Among Others is, first and foremost, a book about books-- not a genre I often like, because it usually strikes me as somewhat artificial and precious. This book isn't like that, though; it's more like a Victorian children's book in which the children have read a lot of the same books you have and loved them for most of the same reasons. She reads and talks about J.R.R. Tolkien, Robert Heinlein, Samuel R. Delany, T.S. Eliot, Ted Hughes, Anne McCaffrey, Ursula K. LeGuin, Arthur C. Clarke, Roger Zelazny, Plato, Poul Anderson, Mary Renault, C.S. Lewis, Philip K. Dick, Larry Niven, Zenna Henderson, and Theodore Sturgeon, among others. And if you've read some of the same books she has, you know exactly what she means when she says that sometimes a person she knows "gives me the creeps. Who could help wanting to Impress a dragon in preference? Who wouldn't want to be Paul Atreides?"
At one point when the narrator has to make a choice between life and death, she chooses life simply because "I was halfway through Babel 17, and if I went on I would never find out how it came out."
The book-loving theme is the main attraction of this book, and it has an ending more fulfilling and satisfying than any I could have imagined. There are huorns, finally, and a reference to Burnham Wood, and the narrator says she had tears in her eyes, and I definitely had them in mine. This is the line you want to get to in this book: "If you love books enough, books will love you back." I'm glad I hadn't read Jo Walton's "big idea" post over at Whatever before I read her book, but now that I have, I like what she says about this line.

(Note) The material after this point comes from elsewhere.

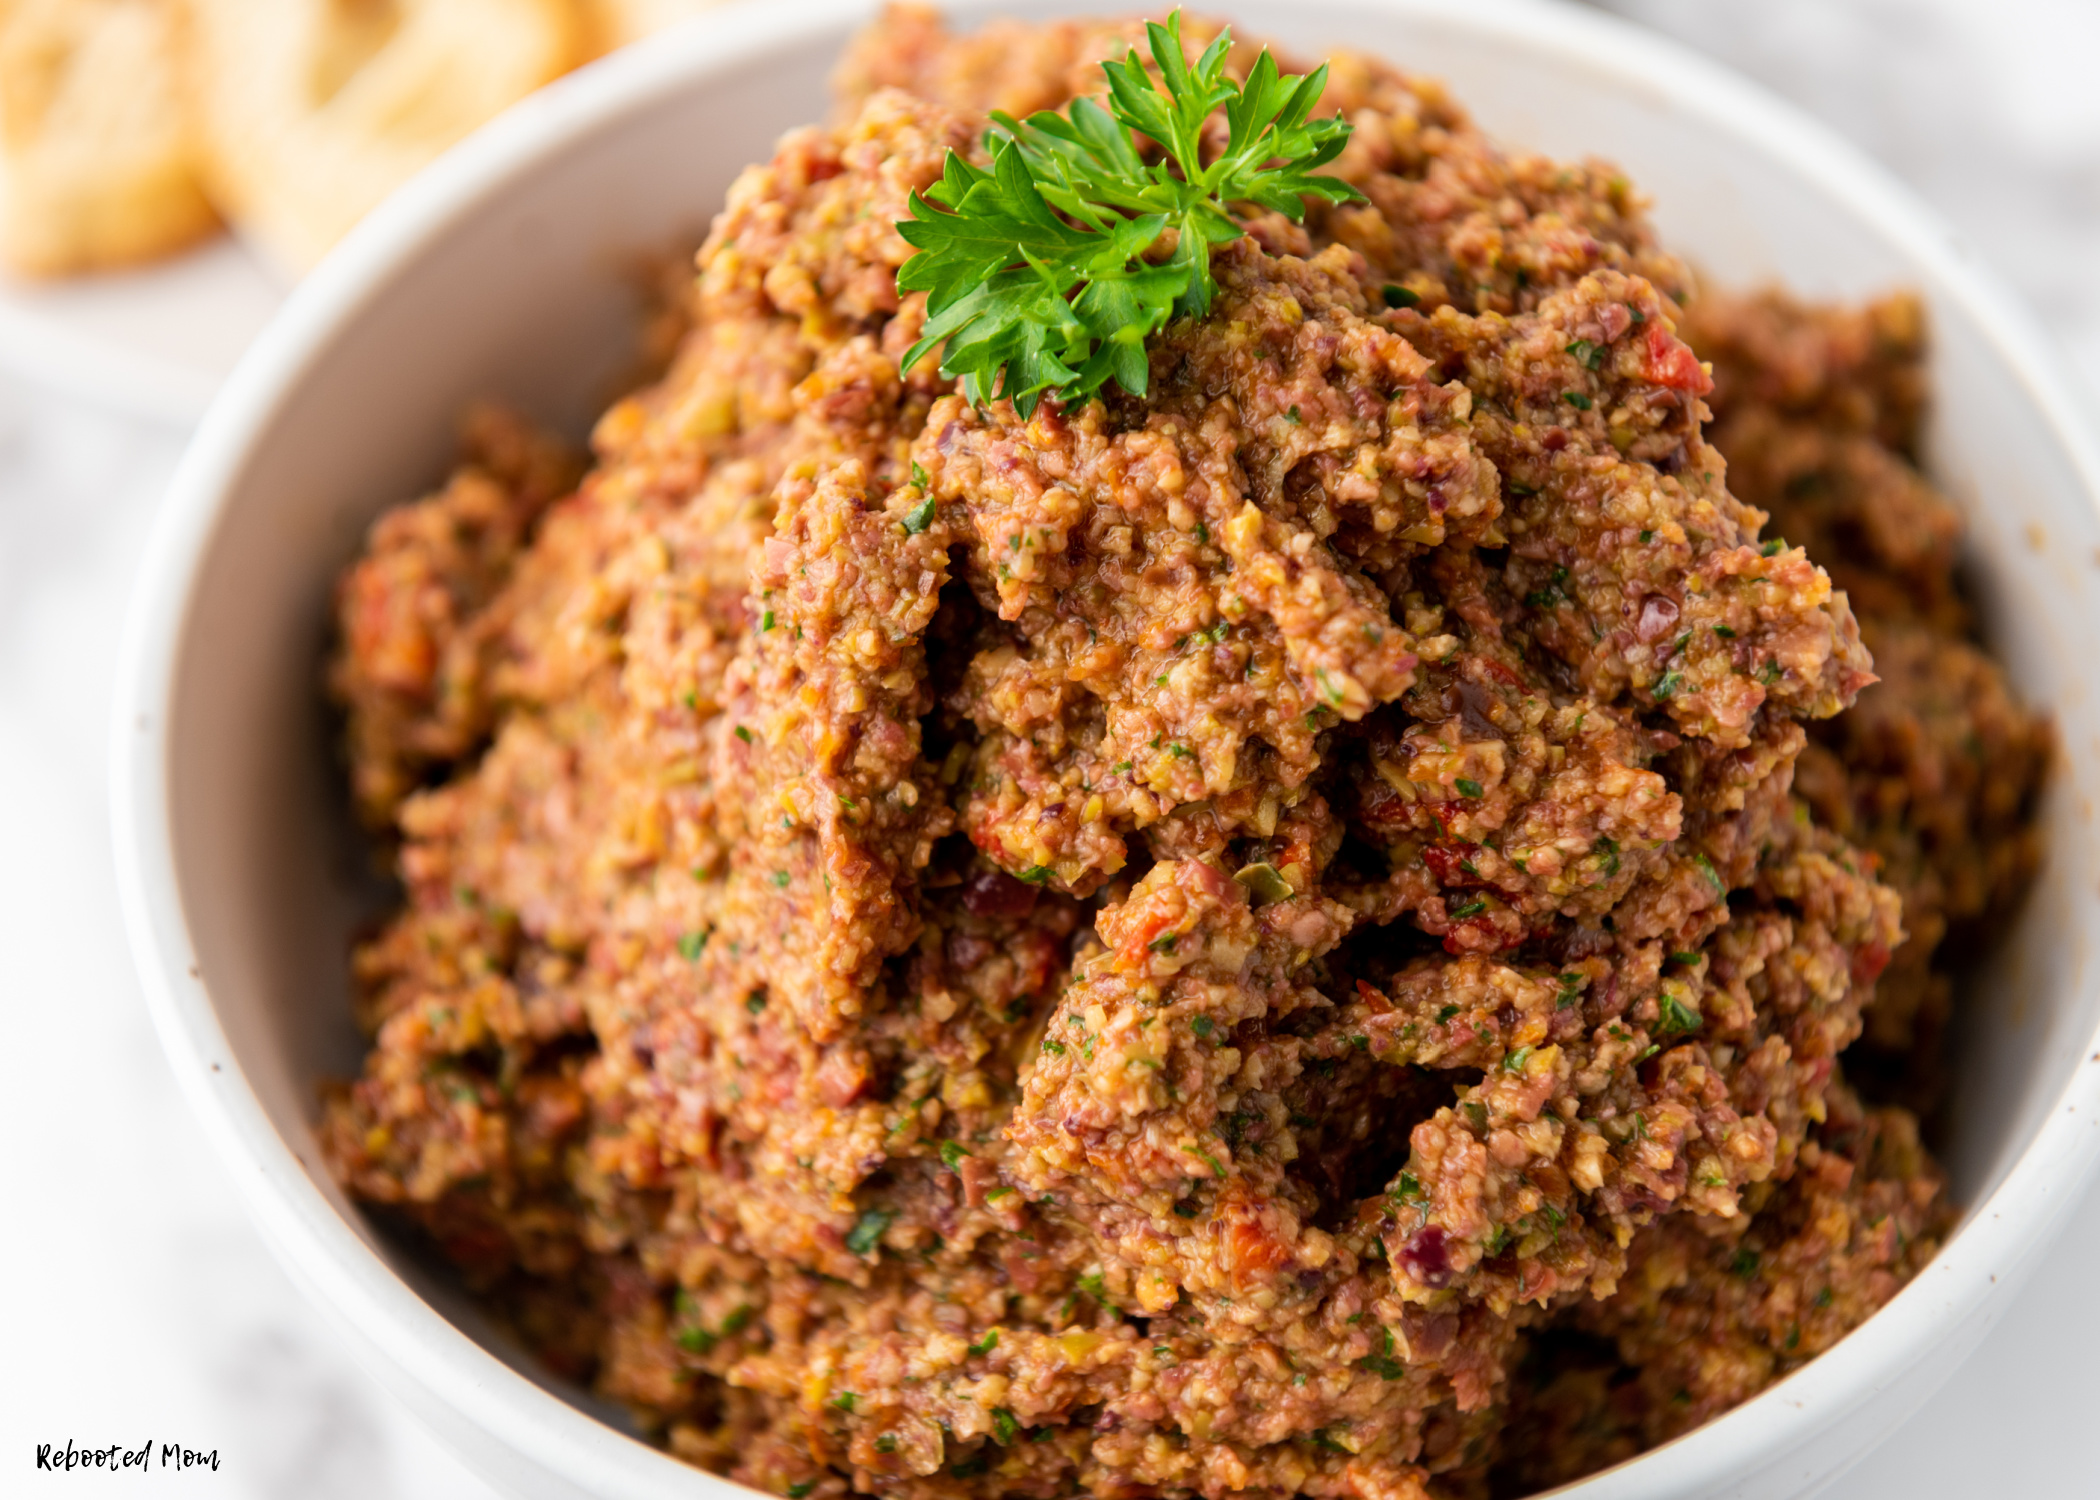 Homemade Olive Tapenade is a wonderful olive spread that is easy to make at home. Learn how to make this bold, zippy, delicious spread easily at home!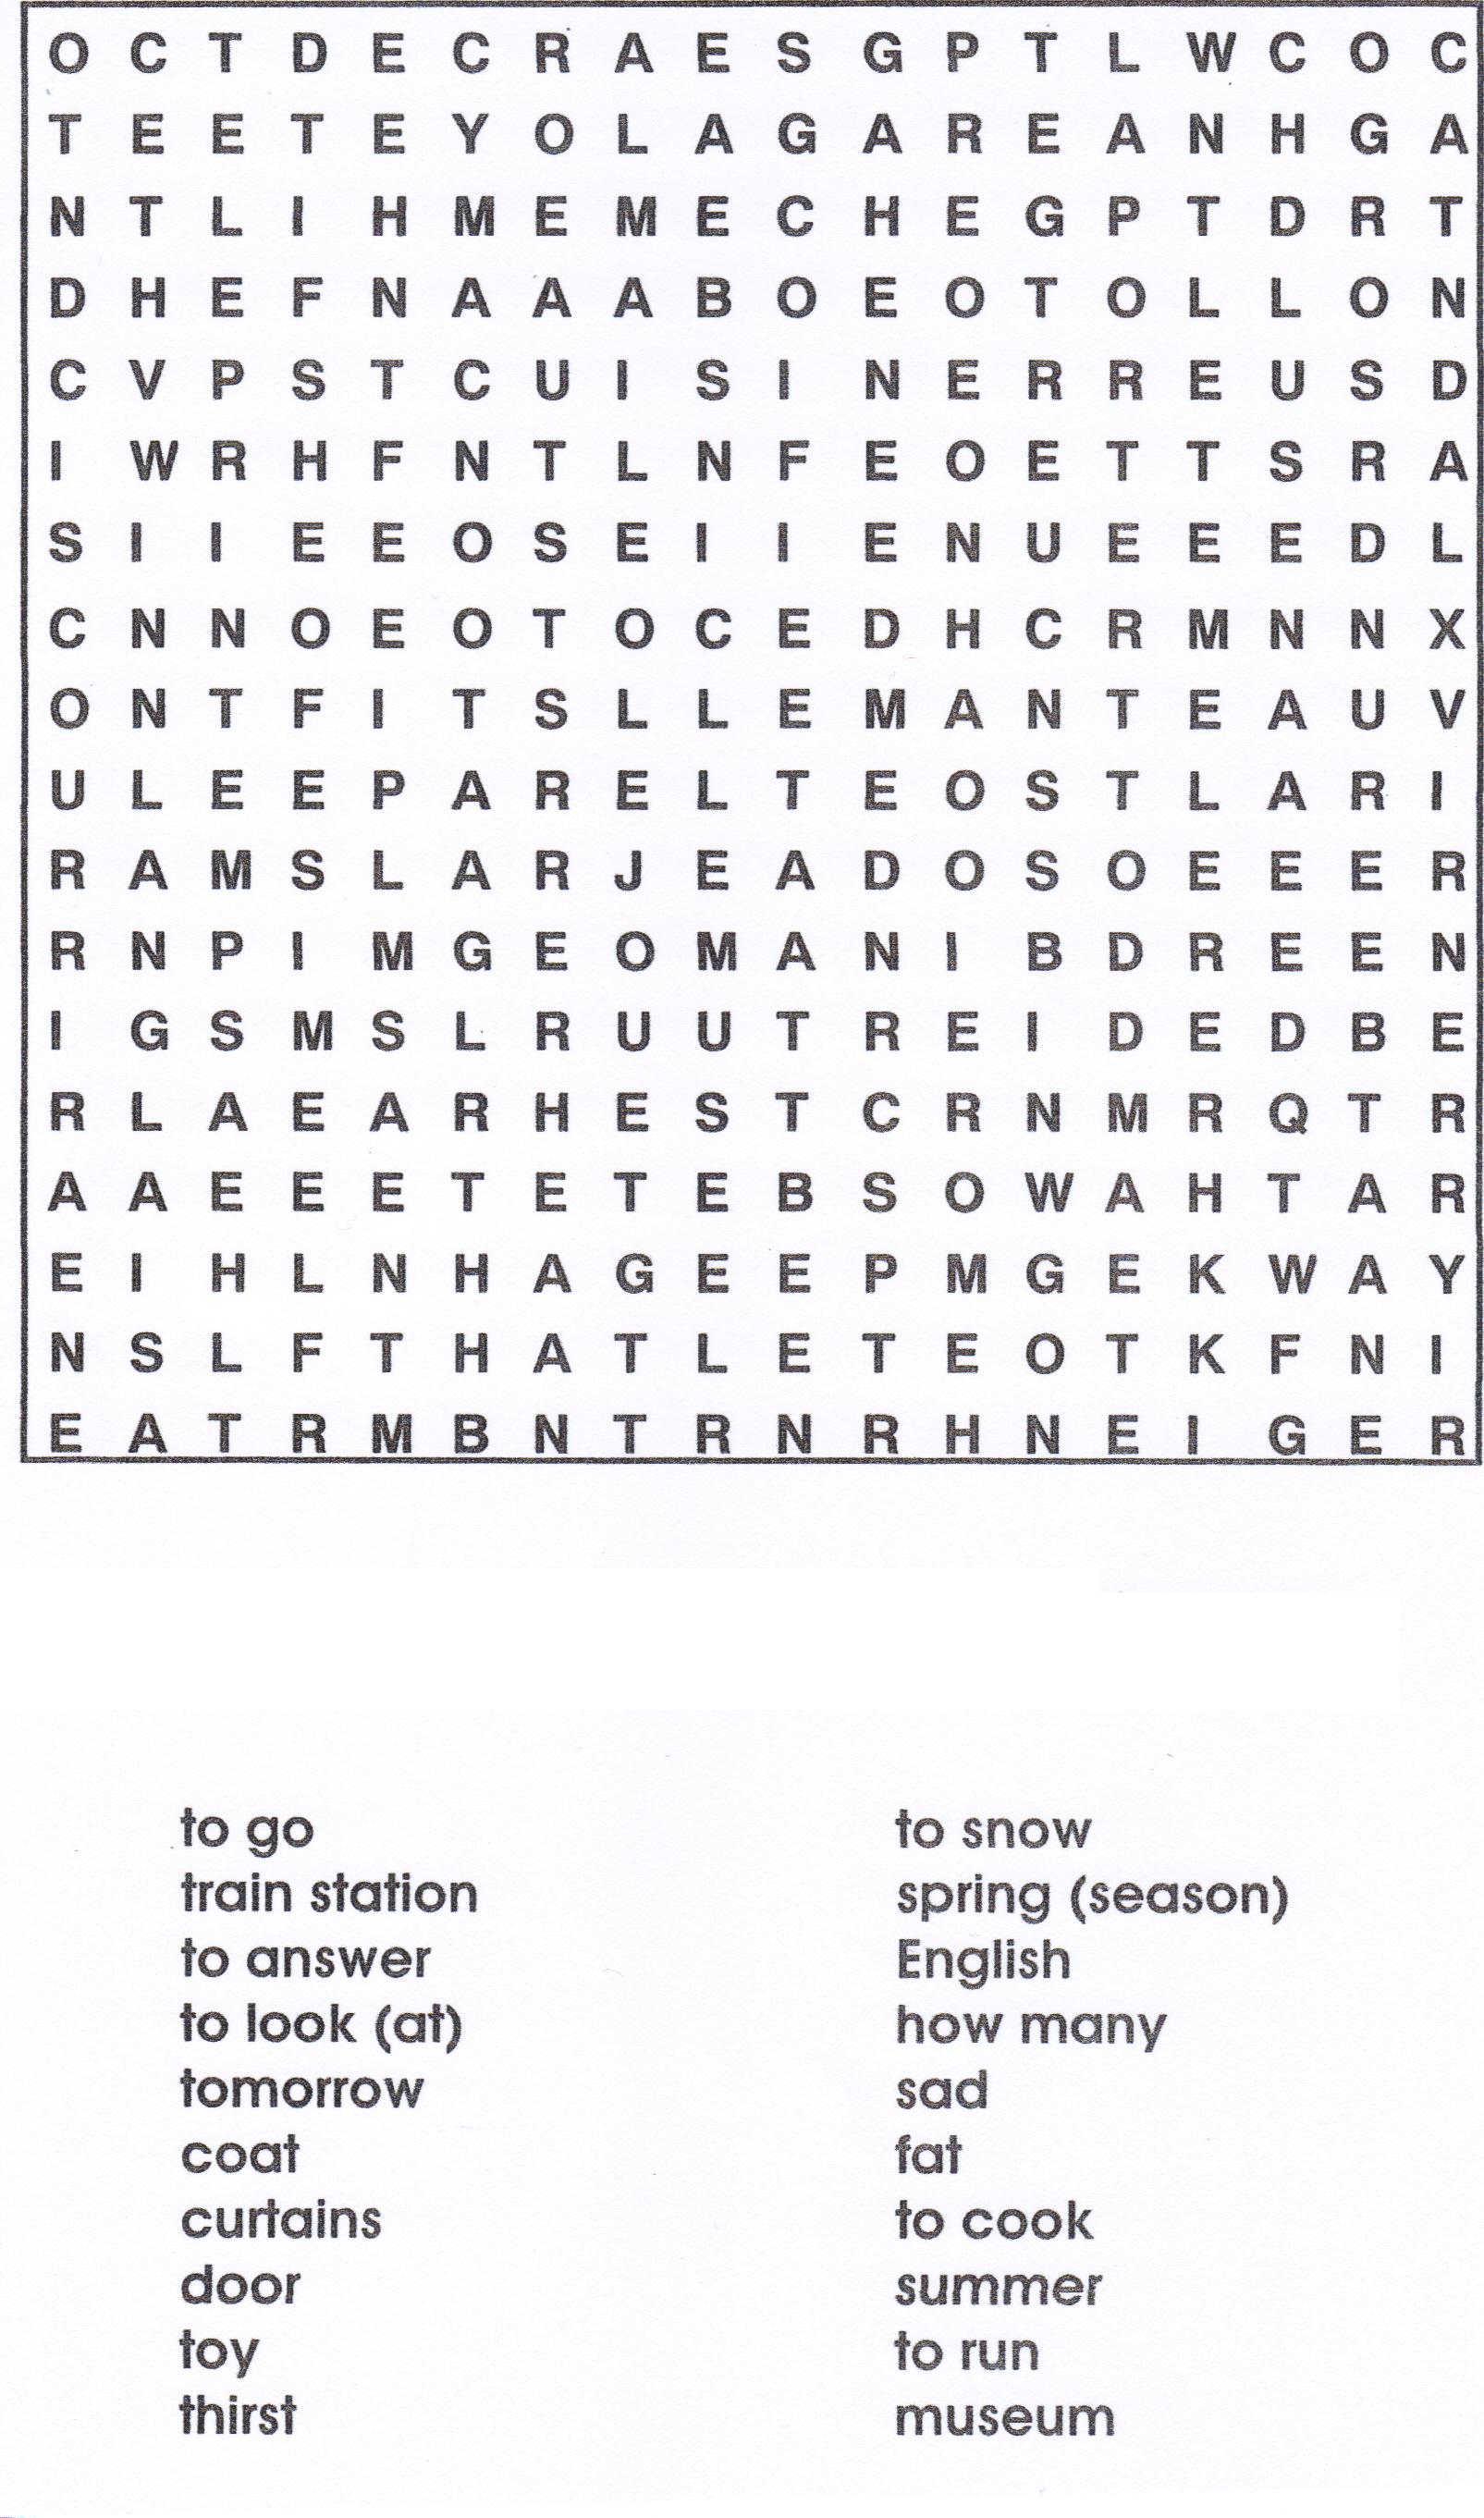 How to Finish a Crossword Puzzle: 6 Steps (with Pictures)

The other thing this book is about is fairies. Yeah, but don't look at me like that. Again, it's more like a Victorian children's book where the fairies are treated matter-of-factly than the kind of thing you might be imagining. Part of what the book is about is magic. And that's one of the reasons why I'm not mentioning the narrator's name.
Let me try to give you some of the matter-of-fact flavor:
"One of the first questions they asked me was about what kind of car my father has....They couldn't believe I didn't know....It turns out it's a Bentley--I wrote and asked--which is an acceptable kind of car. But why do they care? They want me to be able to place everyone very precisely....
Class is entirely intangible, and the way it affects things isn't subject to scientific analysis, and it's not supposed to be real but it's pervasive and powerful. See; just like magic."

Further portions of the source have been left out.